Nah, as the tag is just needed to let me know where to backport stuff
to, I don't think it matters when I add it to the stable tree itself, so
I'll leave it as-is.

thanks,

greg k-h

Dave Chinner Sept. 20, 2017, 12:40 a.m. UTC | #13

On Tue, Sep 19, 2017 at 08:31:37AM +0300, Amir Goldstein wrote:
> On Tue, Sep 19, 2017 at 12:24 AM, Dave Chinner <david@fromorbit.com> wrote:
> > On Mon, Sep 18, 2017 at 09:00:30PM +0300, Amir Goldstein wrote:
> >> On Mon, Sep 18, 2017 at 8:11 PM, Darrick J. Wong <darrick.wong@oracle.com> wrote:
> >> > On Fri, Sep 15, 2017 at 03:40:24PM +0300, Amir Goldstein wrote:
> >> > That said, it's been in the kernel for 12 years without widespread
> >> > complaints about corruption, so I'm not sure this warrants public
> >> > disclosure via CVE/Phoronix vs. just fixing it.
> >> >
> >>
> >> I'm not sure either.
> >> My intuition tells me that the chances of hitting the data loss bug
> >> given a power failure are not slim, but the chances of users knowing
> >> about the data loss are slim.
> >
> > The chances of hitting it are slim. Power-fail vs fsync data
> > integrity testing is something we do actually run as part of QE and
> > have for many years.  We've been running such testing for years and
> > never tripped over this problem, so I think the likelihood that a
> > user will hit it is extremely small.
> 
> This sentence make me unease.
> Who is We and what QE testing are you referring to?

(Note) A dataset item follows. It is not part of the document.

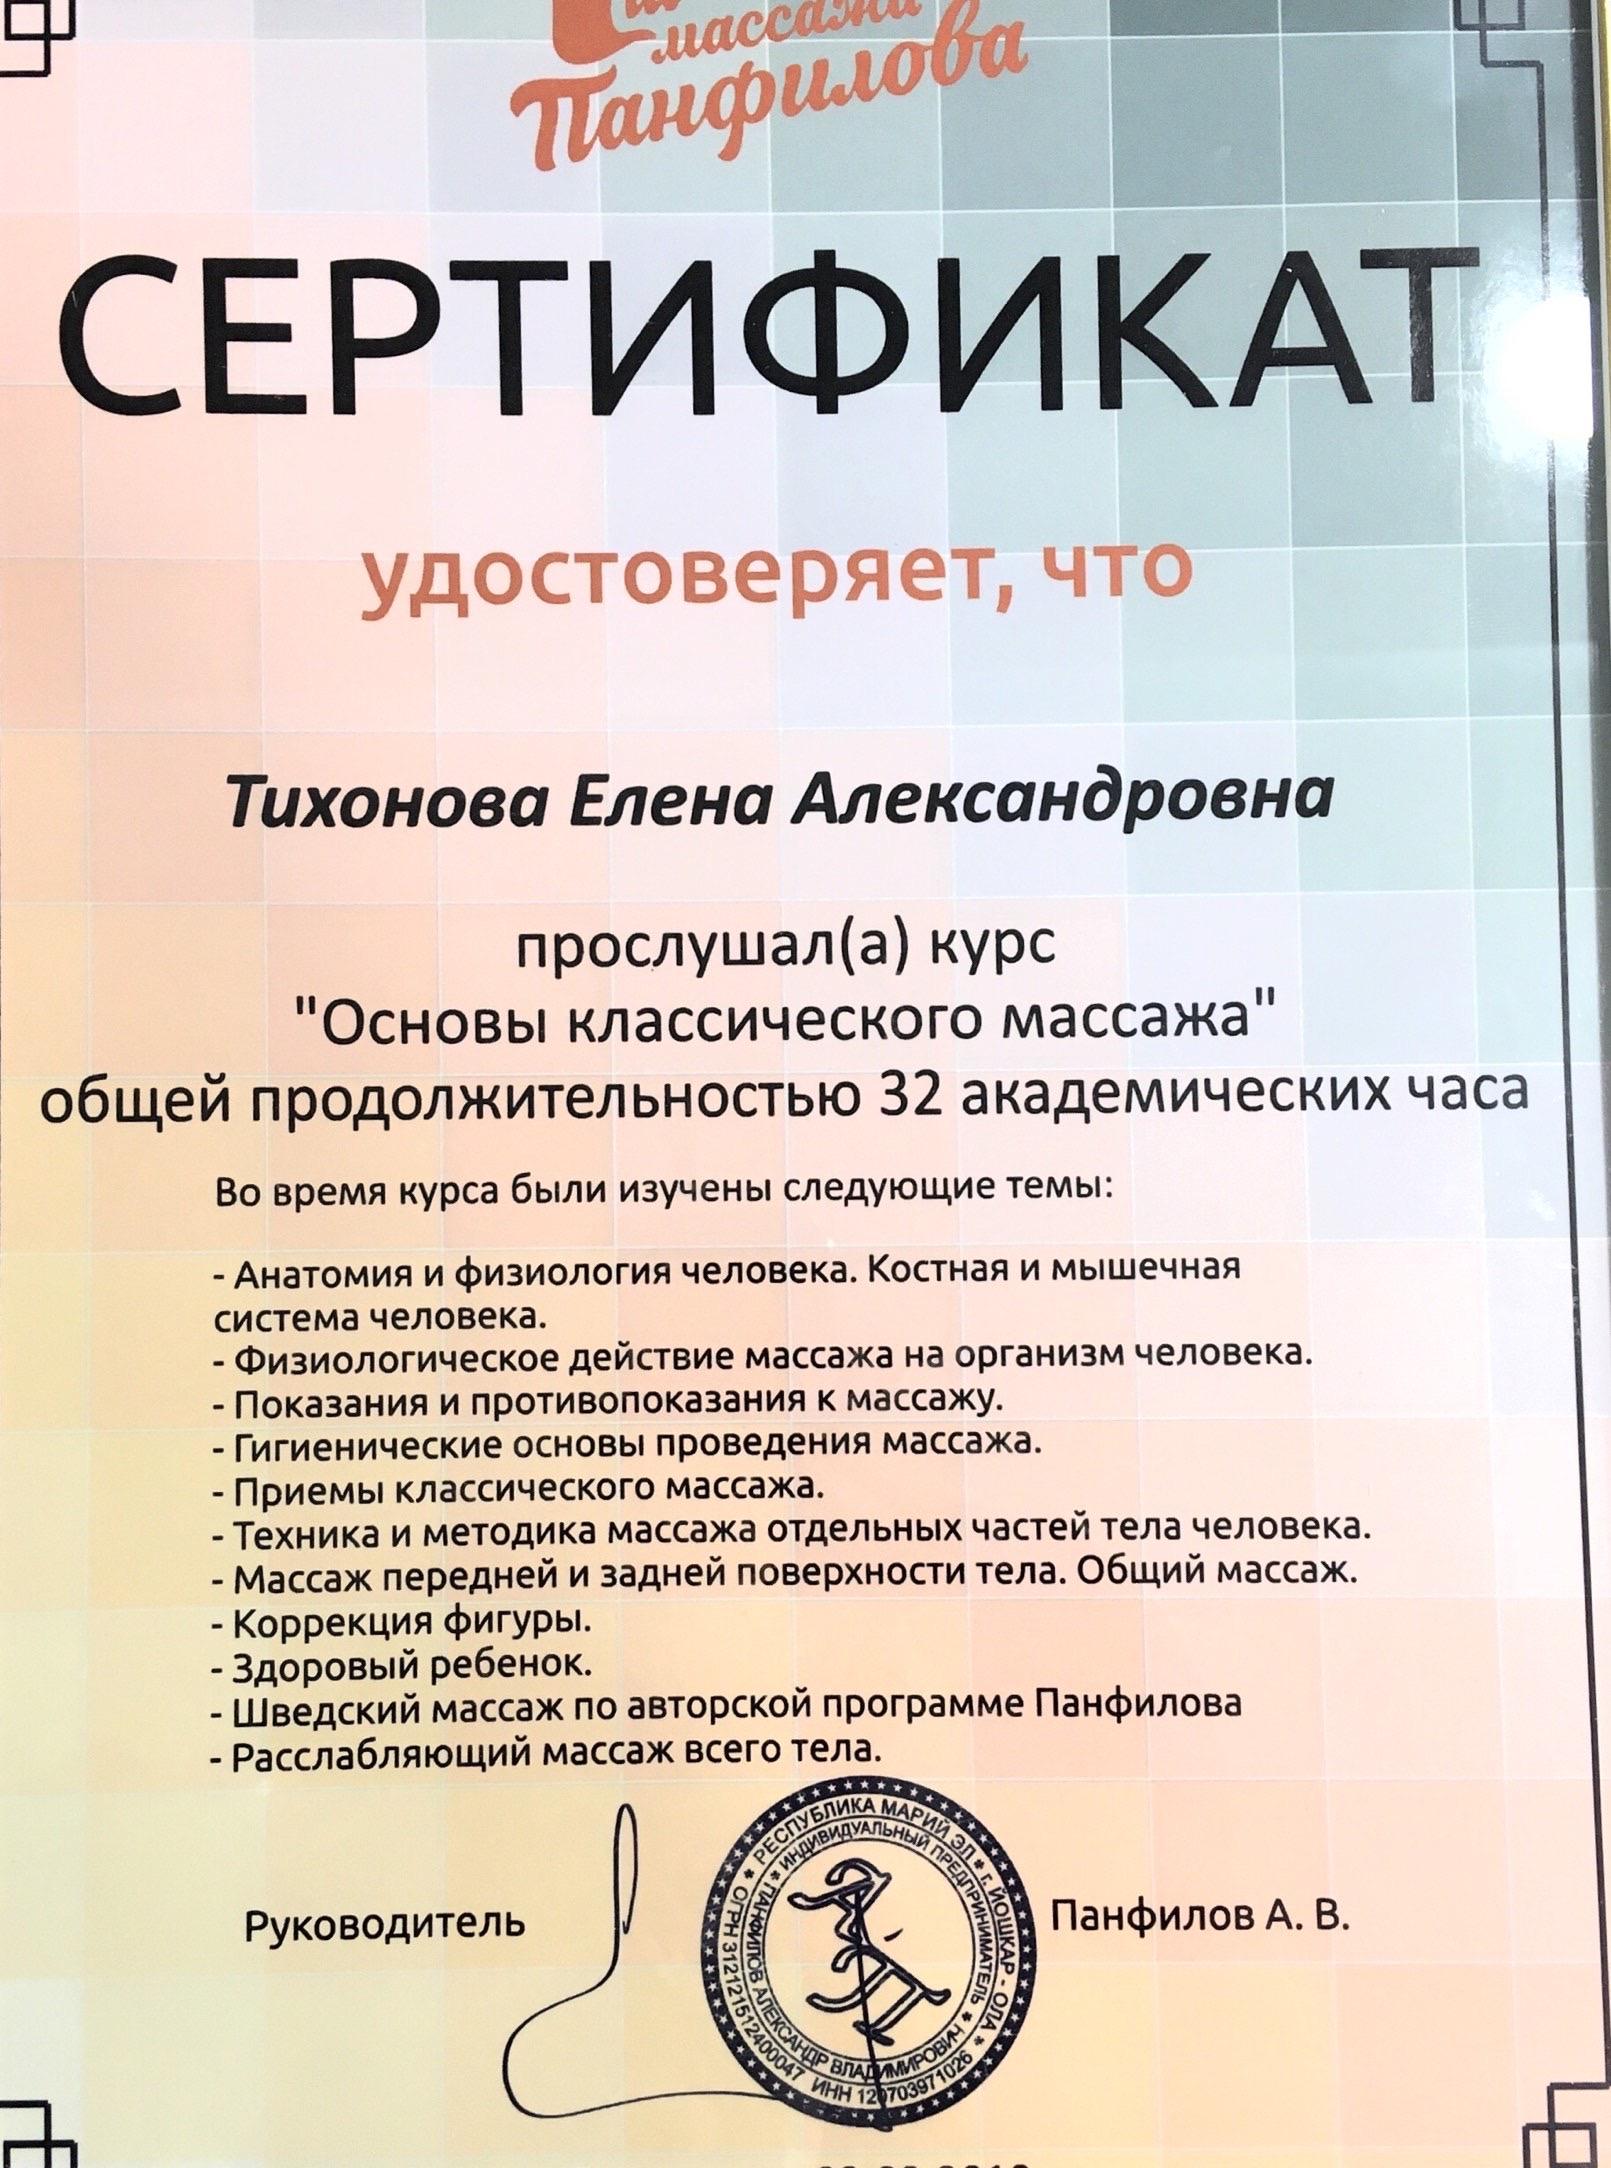 Scanbot 22 янв. 2020 г. 14.00 - 1

I've done it in the past myself with a modified crash/xfscrash to
write patterned files (via genstream/checkstream). Unfortunately, I
lost that script when the machine used for that testing suffered a
fatal, completely unrecoverable ext3 root filesystem corruption
during a power fail cycle... :/

RH QE also runs automated power fail cycle tests - we found lots of
ext4 problems with that test rig when it was first put together, but
I don't recall seeing XFS issues reported.  Eryu would have to
confirm, but ISTR that this testing was made part of the regular
RHEL major release testing cycle...

Let's not forget all the other storage vendors and apps out there
that do their own crash/power fail testing that rely on a working
fsync. Apps like ceph, cluster, various databases, etc all have
their own data integrity testing procedures, and so if there's any
obvious or easy to hit fsync bug we would have had people reporting
it long ago.

Then there's all the research tools that have had papers written
about them testing exactly the sort of thing that dm-log writes is
testing. None of these indicated any sort of problem with fsync in
XFS, but we couldn't reproduce or verify the research results of the
because none of those fine institutions ever open sourced their
tools despite repeated requests and promises that it would happen.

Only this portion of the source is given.